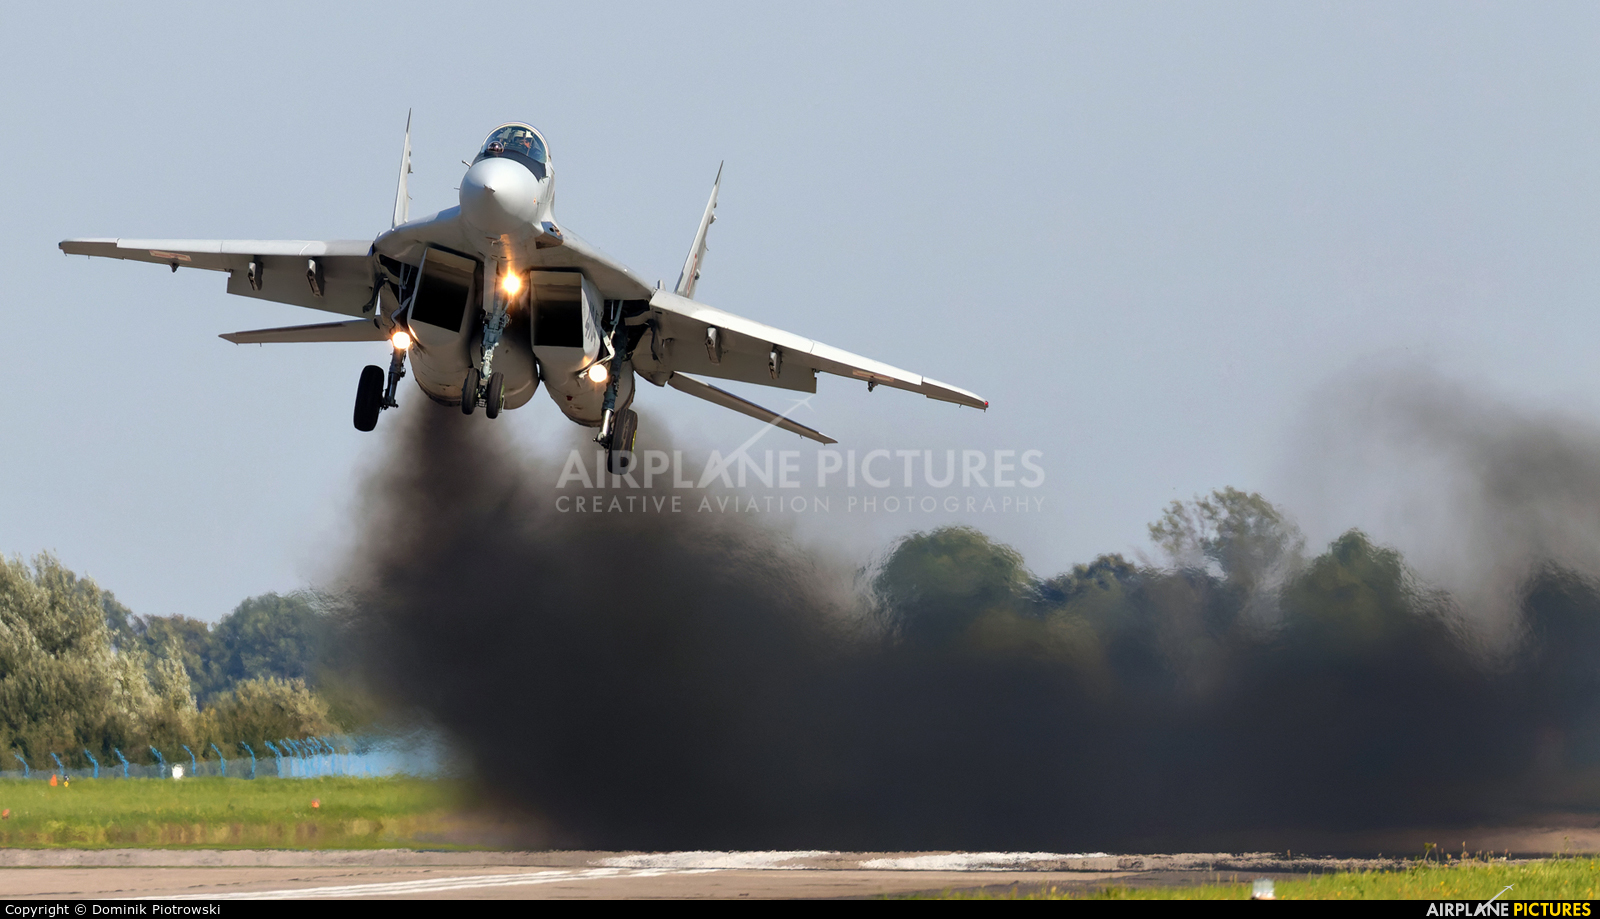 Poland - Air Force 4104 aircraft at Malbork
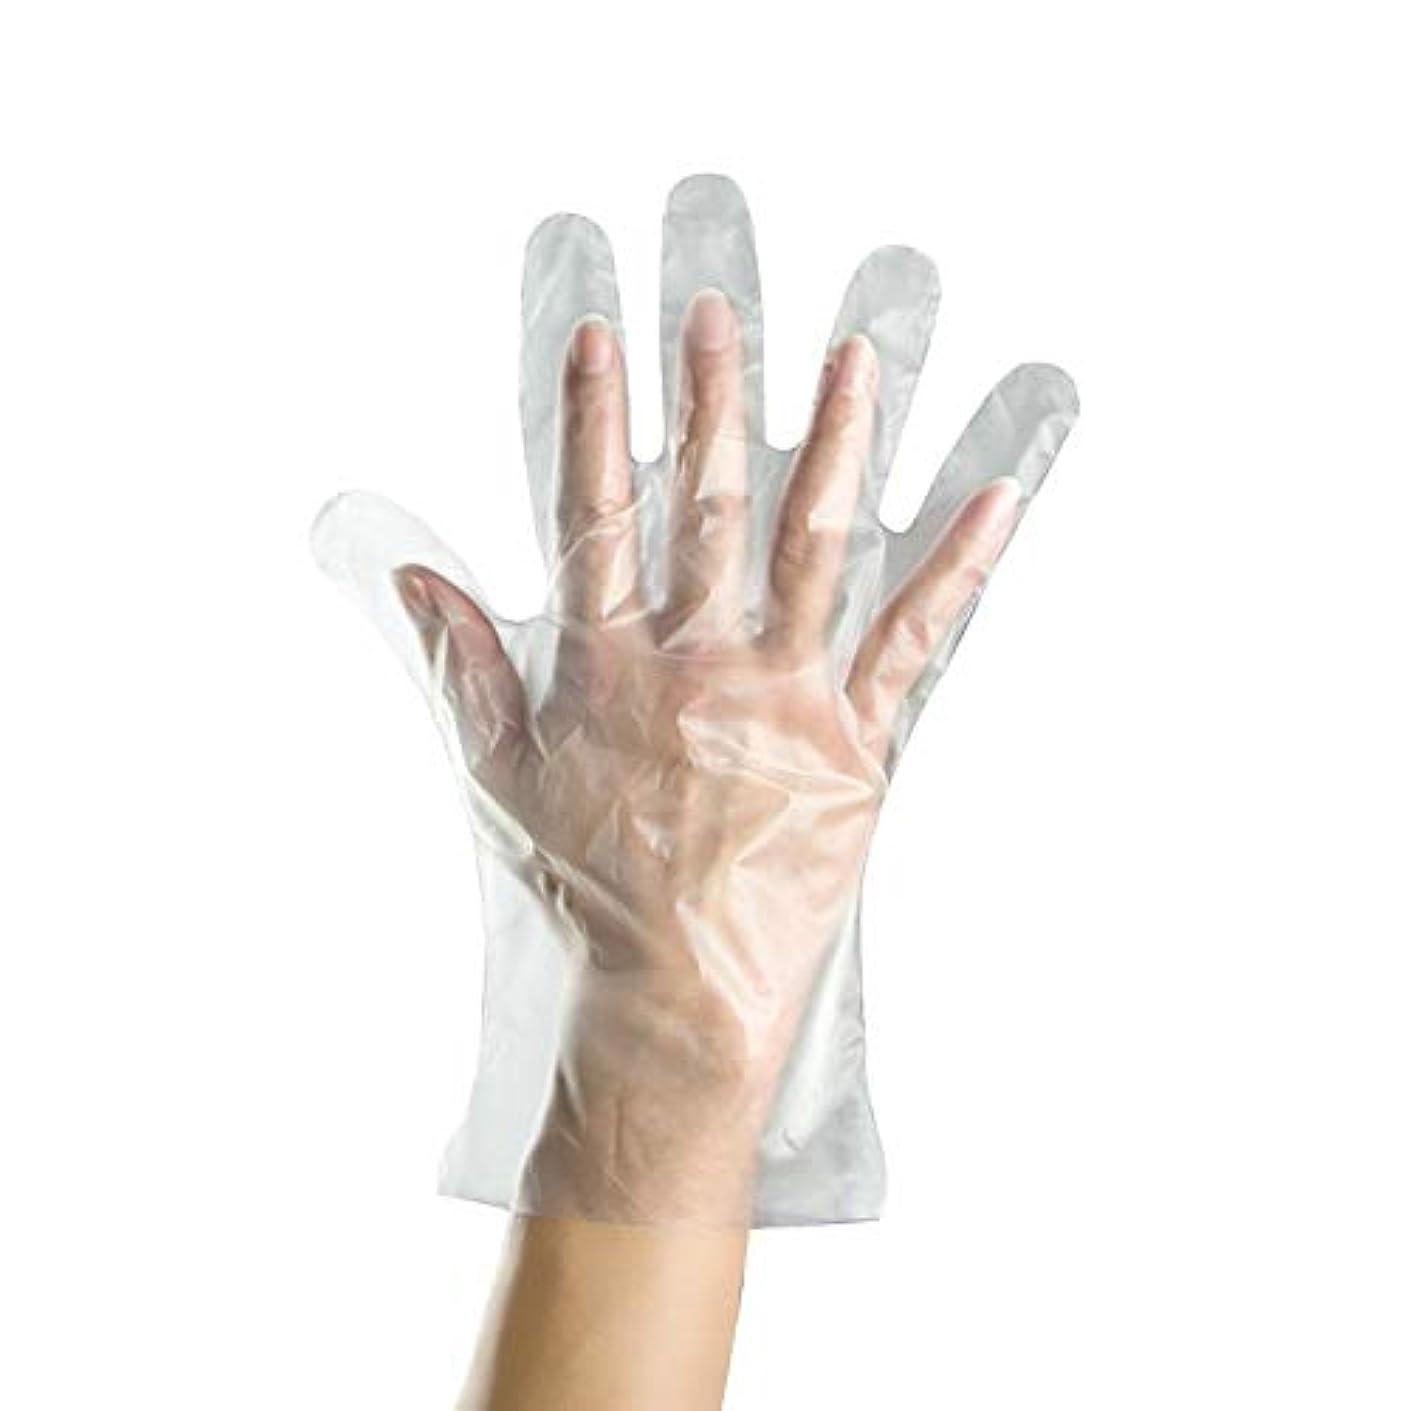 ブランデー上流のペッカディロ1000のみ使い捨てプラスチックPEフィルム手袋 - 医療、食品衛生、美容院、家庭用手袋などに適しています YANW
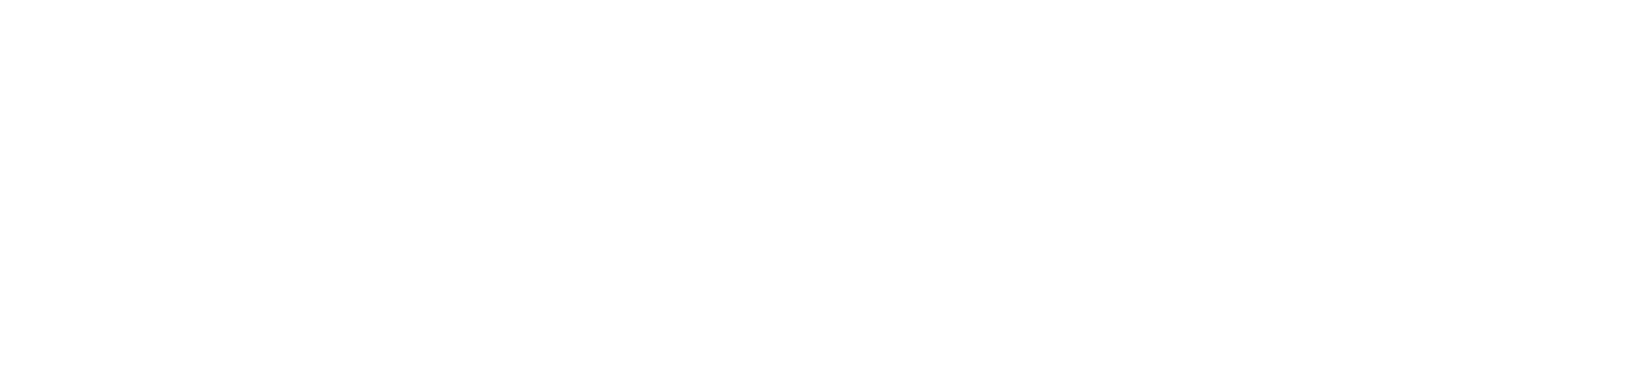 Peachfolio
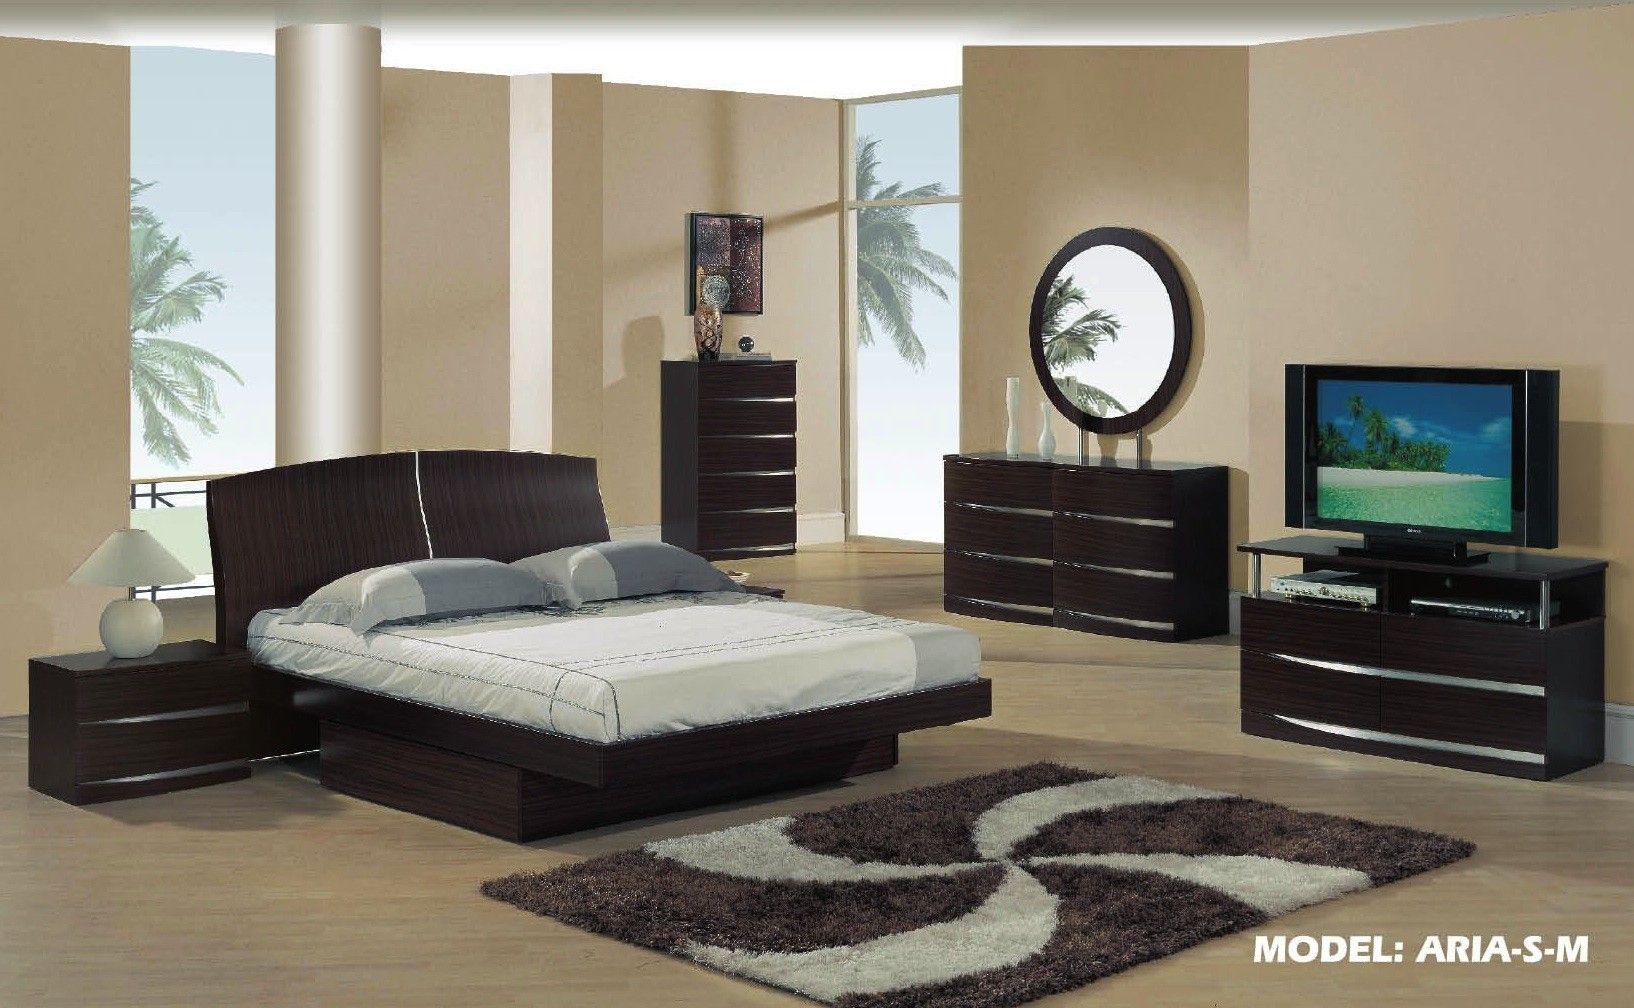 Aria bedroom set wenge bedroom pinterest bedrooms and

* * *

** Work order **
Copy out the lines exactly as written, beginning with the one that contains "- 医療、食品衛生、美容院、家庭用手袋などに適しています YANW" and ending with the last line of the material; do not include pictures.

** Answer to this task **
 ブランデー上流のペッカディロ1000のみ使い捨てプラスチックPEフィルム手袋 - 医療、食品衛生、美容院、家庭用手袋などに適しています YANW
 Peachfolio
 Aria bedroom set wenge bedroom pinterest bedrooms and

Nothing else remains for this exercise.